XX

Tu as un visage de femme, peint de la main de la nature, toi le maître et la maîtresse de ma passion; tu as le coeur tendre d'une femme, mais tu ne connais pas les inconstances auxquelles la perfidie des femmes est sujette; tu as les yeux plus brillants qu'elles, mais tu ne les roules pas faussement comme elles, tes regards voient l'objet sur lequel ils se portent; tu as le teint d'un homme, toutes les nuances sont à ta disposition pour attirer les yeux des hommes et pour surprendre les âmes des femmes. Tu avais d'abord été créé pour être une femme, mais la nature en te façonnant est tombée dans la rêverie, et par ses additions elle m'a privée de toi en ajoutant quelque chose qui ne m'était bon à rien. Mais puisqu'elle t'a destiné à la satisfaction des femmes, que ton amour m'appartienne et qu'elles usent de ton amour comme d'un trésor.

XXI

Il n'en est pas de moi comme de cette muse animée à versifier par une beauté fardée, qui emprunte au ciel même ses ornements, et qui compare toutes les beautés à sa belle, accumulant les similitudes les plus ambitieuses, le soleil et la lune, les riches joyaux de la terre et de la mer, les premières fleurs du mois d'avril et tout ce que les airs du ciel renferment de rare dans leur vaste sein.

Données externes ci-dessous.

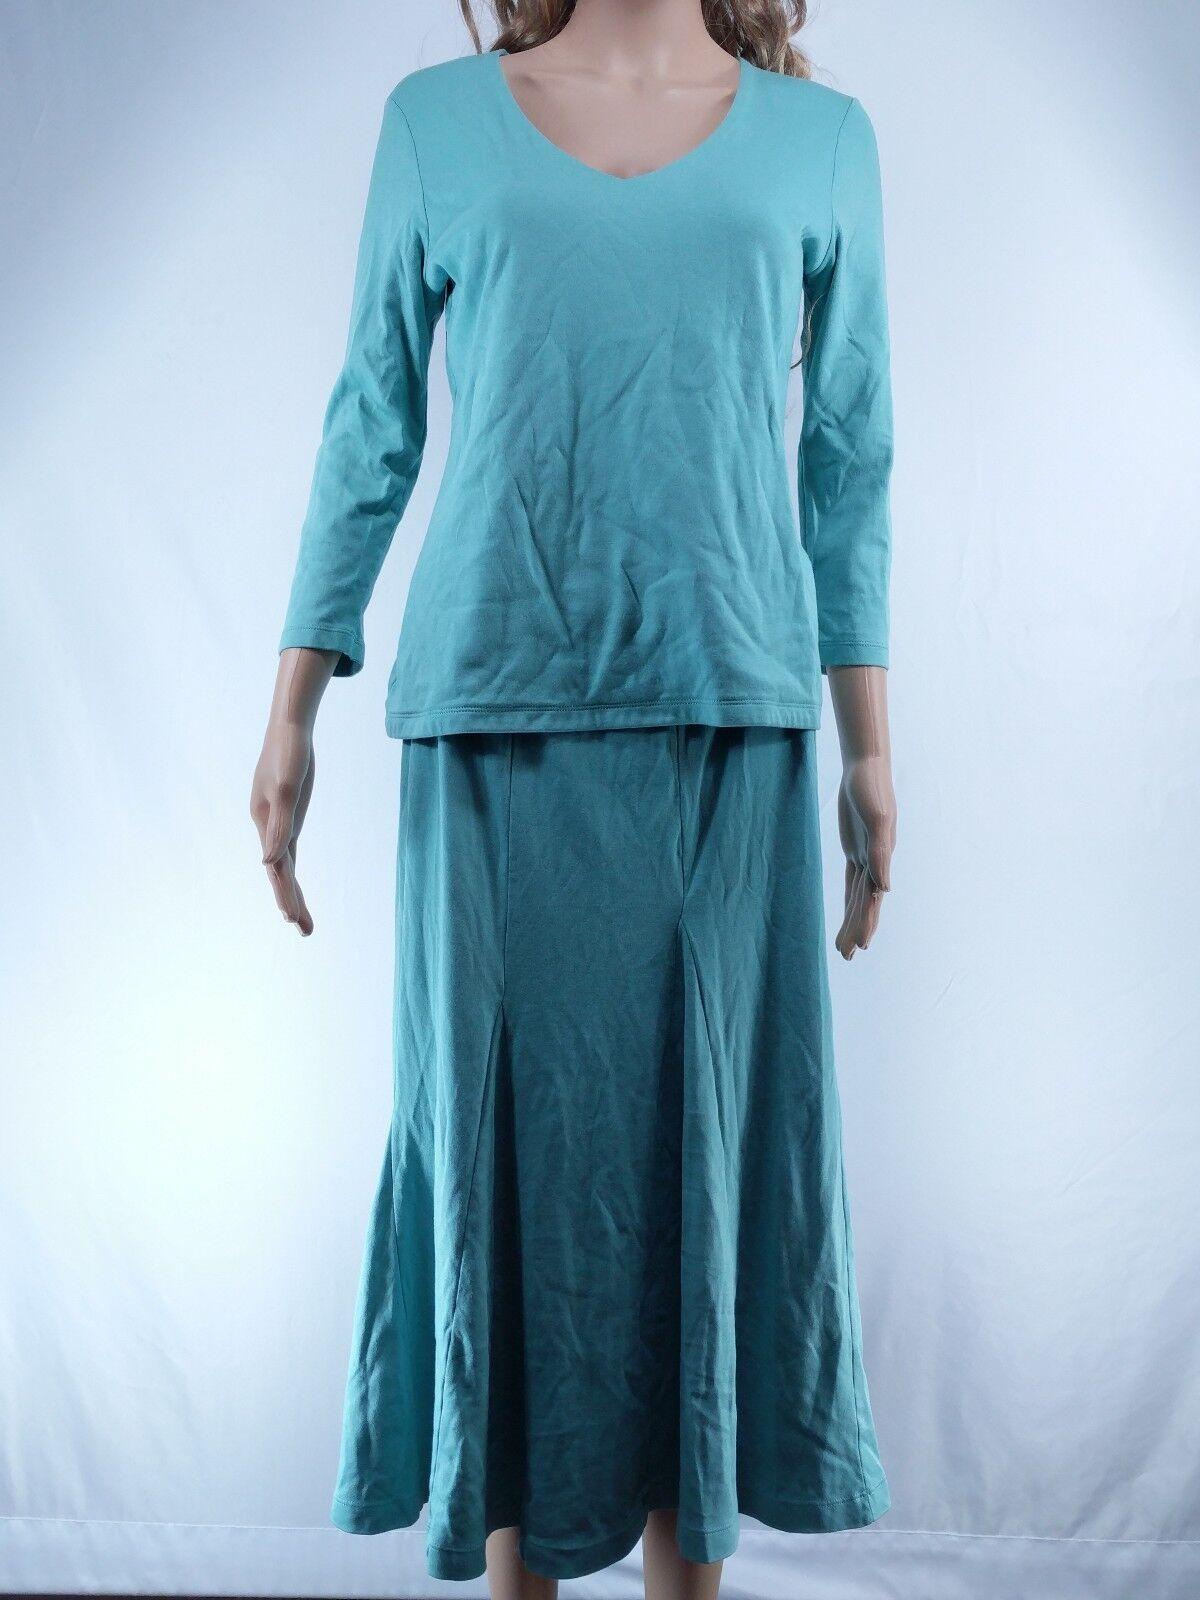 Peruvian Connection Medium Long Sleeve Top & Pull On Skirt Set bluee Pima Cotton

Pour moi qui suis sincère en amour, permettez-moi d'écrire sincèrement, et puis, croyez-moi, celle que j'aime est aussi belle qu'aucun enfant des hommes, bien qu'elle ne soit pas aussi éclatante que ces flambeaux d'or fixés dans les cieux; que ceux qui aiment à parler par ouï-dire en disent davantage, je ne veux pas vanter ma marchandise, puisque je n'ai pas l'intention de la vendre.

XXII

Mon miroir ne me persuadera pas que je suis vieux, tant que la jeunesse et toi serez du même âge; mais lorsque j'apercevrai chez toi les rides du temps, alors j'attendrai la mort pour expier ma vie, car toute cette beauté qui te pare n'est que le vêtement charmant de mon coeur qui vit dans ton sein, comme le tien en moi. Comment donc pourrais-je être plus âgé que toi? C'est pourquoi, mon amour, prends soin de toi comme je prends soin de moi-même; non pour moi, mais pour toi, puisque je porte ton coeur, que je garderai tendrement comme une bonne nourrice garde son enfant du mal. Ne compte pas sur ton coeur; si le mien expire, tu m'as donné le tien, mais non pour le reprendre.

XXIII

Comme un pauvre acteur sur la scène qui, dans son effroi, oublie son rôle, ou comme un animal furieux qui, plein de rage, affaiblit son propre coeur par l'excès de sa force, ainsi moi, par manque de confiance, j'oublie d'accomplir toute la cérémonie des rites de l'amour, et surchargé du fardeau de la force de mon amour, l'énergie de mon amour semble décroître. Oh! que mes lèvres servent d'éloquence et d'avocats muets à mon coeur qui te parle, ils plaident mon amour et réclament ma récompense mieux que cette langue qui en a souvent dit bien davantage. Oh! apprends à lire ce qu'a écrit un amour silencieux, c'est un apanage de l'intelligence de l'amour que d'entendre avec les yeux.

XXIV

Mes yeux m'ont servi de peintre et ont retracé l'usage de ta beauté sur la table de mon coeur; mon corps est le cadre qui contient ce portrait, et la perspective est le plus grand art du peintre; mais il faut que vous jugiez du talent à travers le peintre, pour trouver votre fidèle image là où elle repose suspendue dans le magasin de mon coeur; les fenêtres en sont vitrées de tes yeux. Vois quels services les yeux ont rendu aux yeux. Mes yeux ont retracé ta personne, et les tiens servent de fenêtre à mon sein; le soleil prend plaisir à regarder au travers pour te contempler à son aise, mais il manque aux yeux un secret pour compléter leur art, ils ne retracent que ce qu'ils voient, ils ne connaissent pas le coeur.